• **To do**: Full transcription, minus images: write out the listing below exactly as it appears.

• **Data shown**:
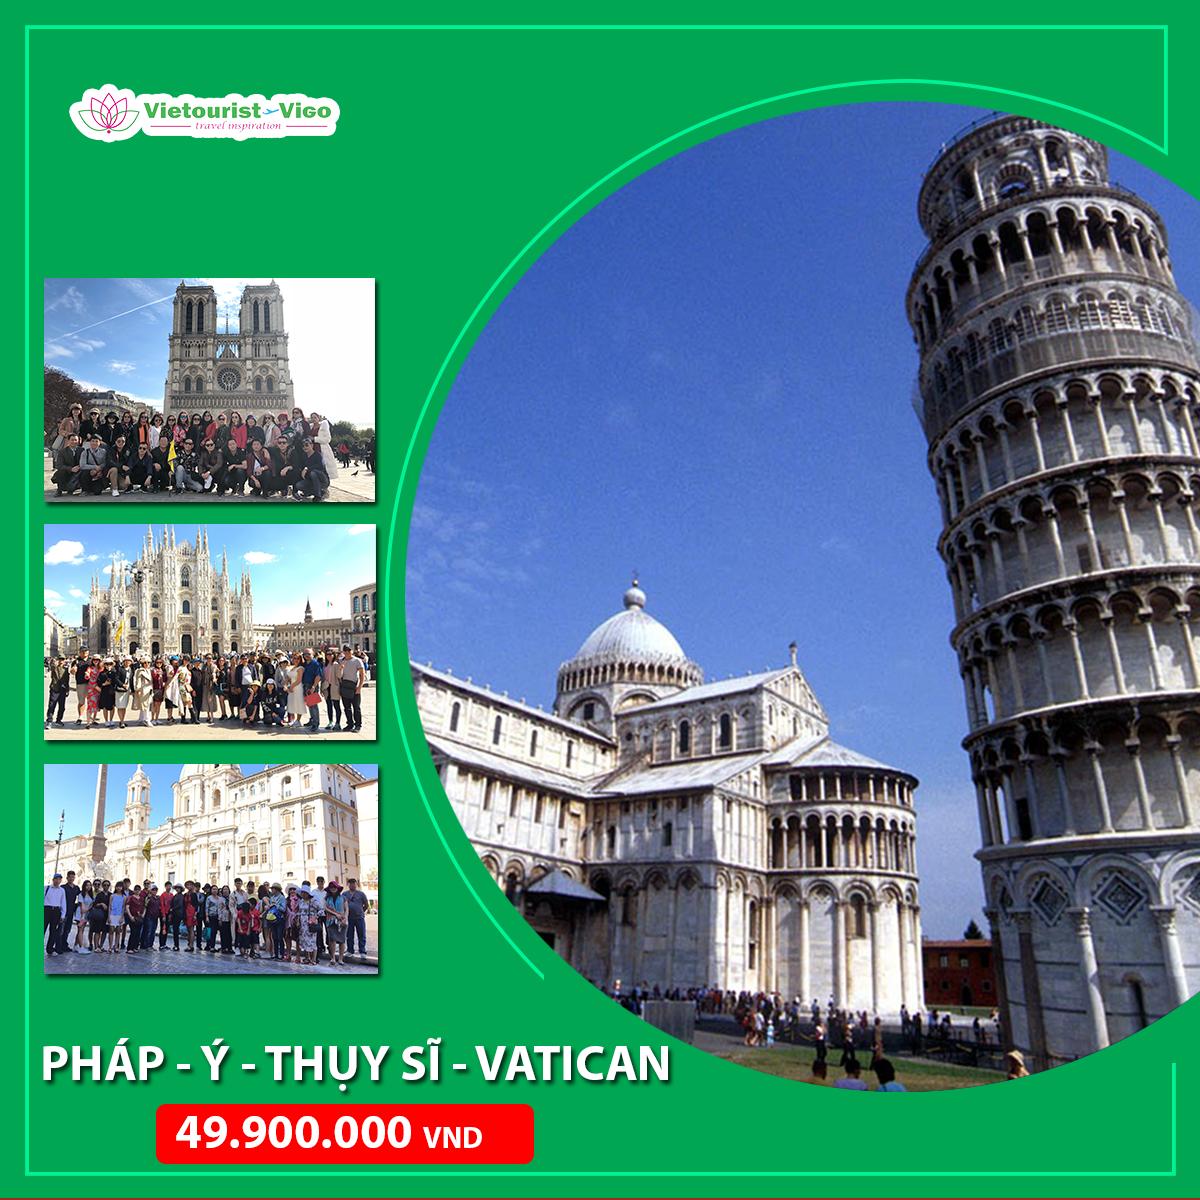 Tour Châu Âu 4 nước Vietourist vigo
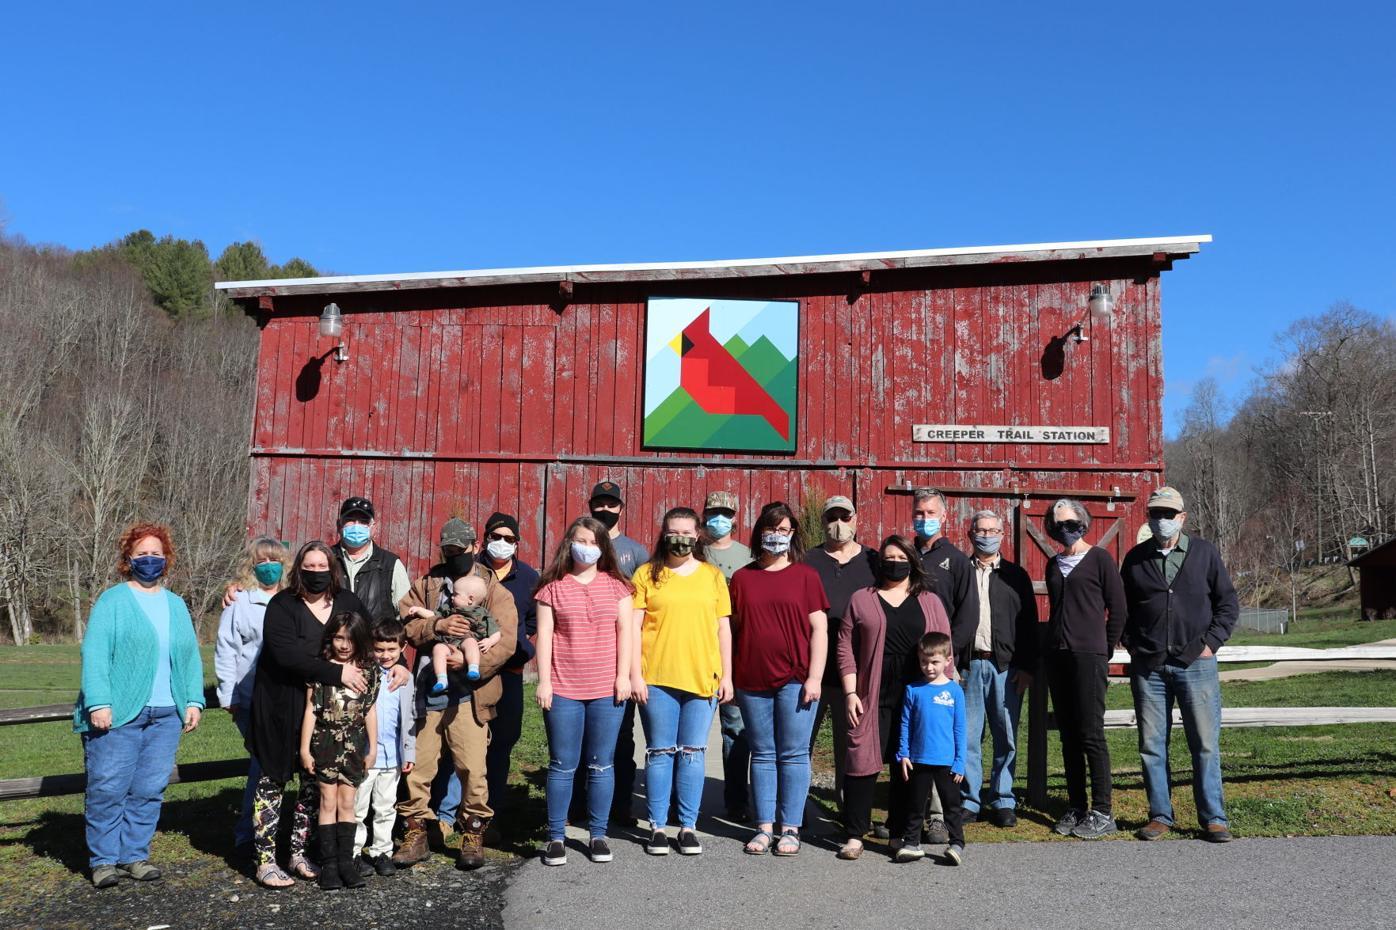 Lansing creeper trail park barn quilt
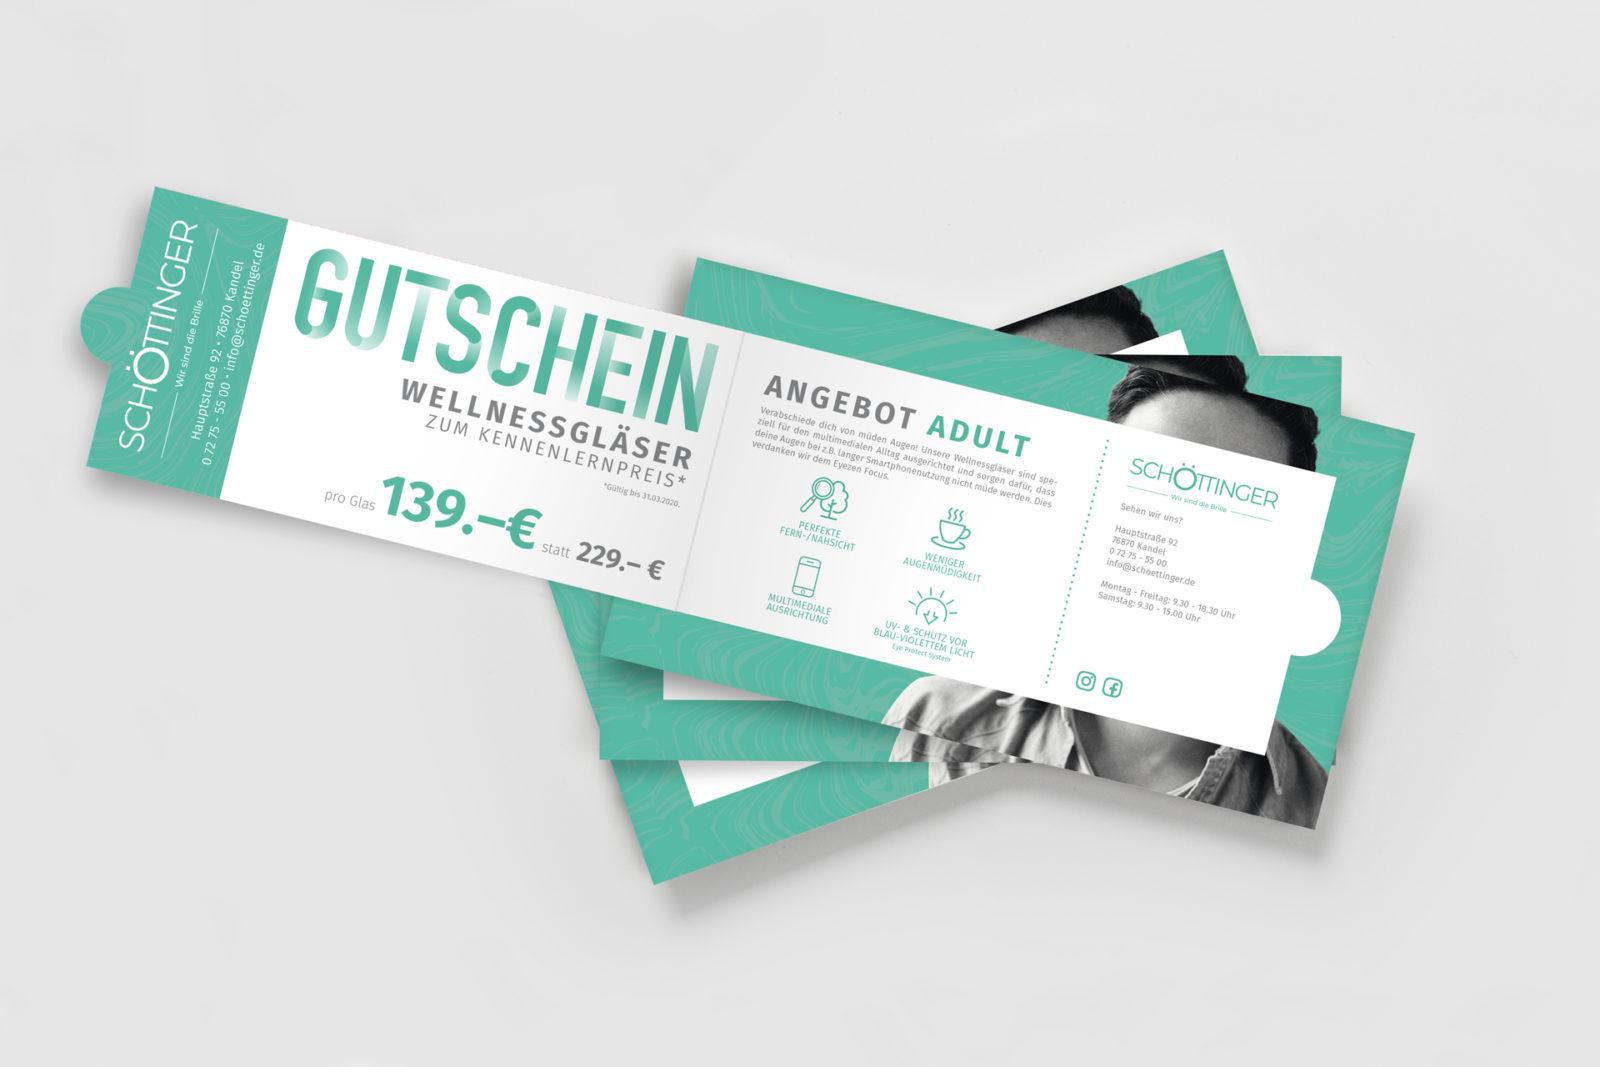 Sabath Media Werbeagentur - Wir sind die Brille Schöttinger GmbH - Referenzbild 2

• **Answer section**:
 Tour Châu Âu 4 nước Vietourist vigo
 Lansing creeper trail park barn quilt
 Sabath Media Werbeagentur - Wir sind die Brille Schöttinger GmbH - Referenzbild 2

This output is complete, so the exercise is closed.